Y hasta puede sostenerse, sin incurrir en peligrosas temeridades, otra hipótesis que viene á apoyar la creencia de que la mayoría de los templos que primitivamente se consagraron al culto cristiano en la tierra euskalduna debió desaparecer ó sufrir radicales modificaciones ante de la Edad moderna.
Y hasta puede sostenerse, sin incurrir en peligrosas temeridades, otra hipótesis que viene á apoyar la creencia de que la mayoría de los templos que primitivamente se consagraron al culto cristiano en la tierra euskalduna debió desaparecer ó sufrir radicales modificaciones antes de la Edad moderna.
No deja de ser admisible, en efecto, la indicación apuntada por el señor Amador de los Ríos, de que los templos que primeramente se erigieron aquí por los cristianos, fueron modestísimos templos de madera, de que todavía hemos conocido muestra ruda, pero venerable por su misma rudeza, en la humildísima parroquia de Elejabeitia, situada en el corazón mismo del agreste y pintoresco valle de Arratia. Y esta opinión es tanto más razonable, cuanto sabemos que, aún entrado el siglo XVI, se quemó en Cestona la iglesia parroquial por el año de 1549, á causa principalmente de no haberse empleado en su construcción los materiales sólidos que hoy se emplean. (6) Contados fueron aquí durante los siglos medios los edificios civiles no construídos de madera: por eso eran tan terribles los incendios, y se propagaban con tan espantosa rapidez, convirtiendo en pavesas poblaciones enteras. Si recorremos la historia local de San Sebastián, y paramos nuestra atención en lo que nos cuenta acerca de las varias veces que la actual capital de Guipúzcoa se vió reducida á escombros por el fuego, notaremos que una de las causas que más contribuían á la expansión del siniestro era la endeblez de los edificios, en la mayor parte de los cuales para nada se había utilizado la piedra, ni otra materia incombustible.

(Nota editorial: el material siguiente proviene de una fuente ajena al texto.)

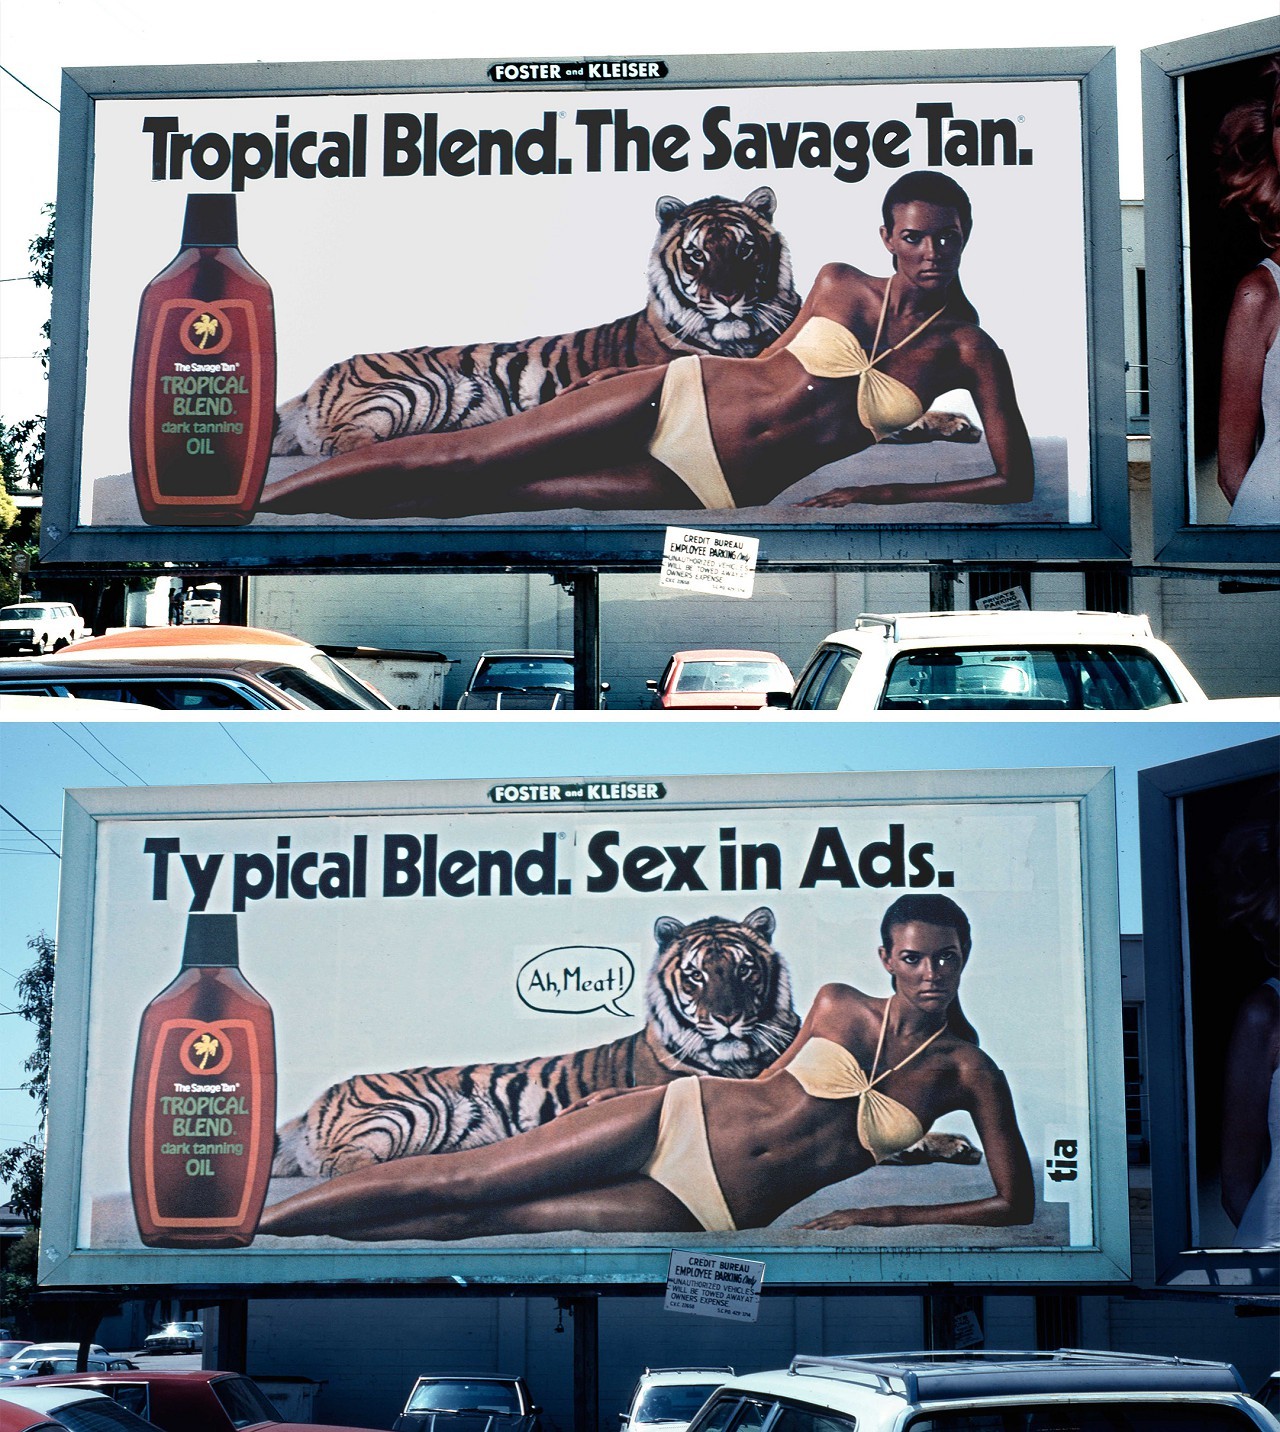 1981 Truth in Advertising - Sex in ads

Por ello, los Reyes Católicos, desde Jaen, donde se hallaban, concedieron grandes privilegios y exención de derechos por cierto número de años á los que reconstruyeran de piedra ó mampostería sus casas destruídas por el incendio de 1489. (7) Y es gráfica la frase de Enrique IV de Castilla, que visitando á Durango en 1457, y observando la ruindad, pobreza y fragilidad de la mayor parte de las casas de la villa, dijo que su suerte estaba en manos de un loco, fatídica profecía que tuvo su cumplimiento un siglo después. (8)
Estos casos y muchos otros que pudieran alegarse, revelan por modo elocuente cuán numerosos eran aquí los edificios de madera, si se les comparaba con los que se habían levantado valiéndose de materias incombustibles. Y no es de maravillar que así fuese, pues ni la pobreza del país consentía gastar sumas relativamente cuantiosas en tales construcciones, ni dejaba de tentar con la perspectiva halagüeña de proporcionarse fácilmente una vivienda más ó menos cómoda, la extensión que alcanzaban los bosques en el país vascongado, donde aún el siglo XVI estaban cubiertos de selva y servían de guarida á fieras y animales dañinos, tierras que hoy son de pan llevar, como ocurría, por ejemplo, en los alrededores de Villafranca de Guipúzcoa. No es este un caso excepcional que sólo se registra en el país vascongado: recuerdo haber leído no hace mucho, en una primorosa narración de viaje por una de las regiones de Inglaterra, que las ruinas del monasterio de Jarrow, habían venido á poner de relieve que, por ser de piedra y no de madera como la generalidad de las iglesias contemporáneas suyas en aquel país, le llamó suntuoso monumento el venerable San Beda, considerado como padre del saber inglés por el maravilloso orador irlandés Edmundo Burke, una de las glorias más altas del Parlamento Británico. (9)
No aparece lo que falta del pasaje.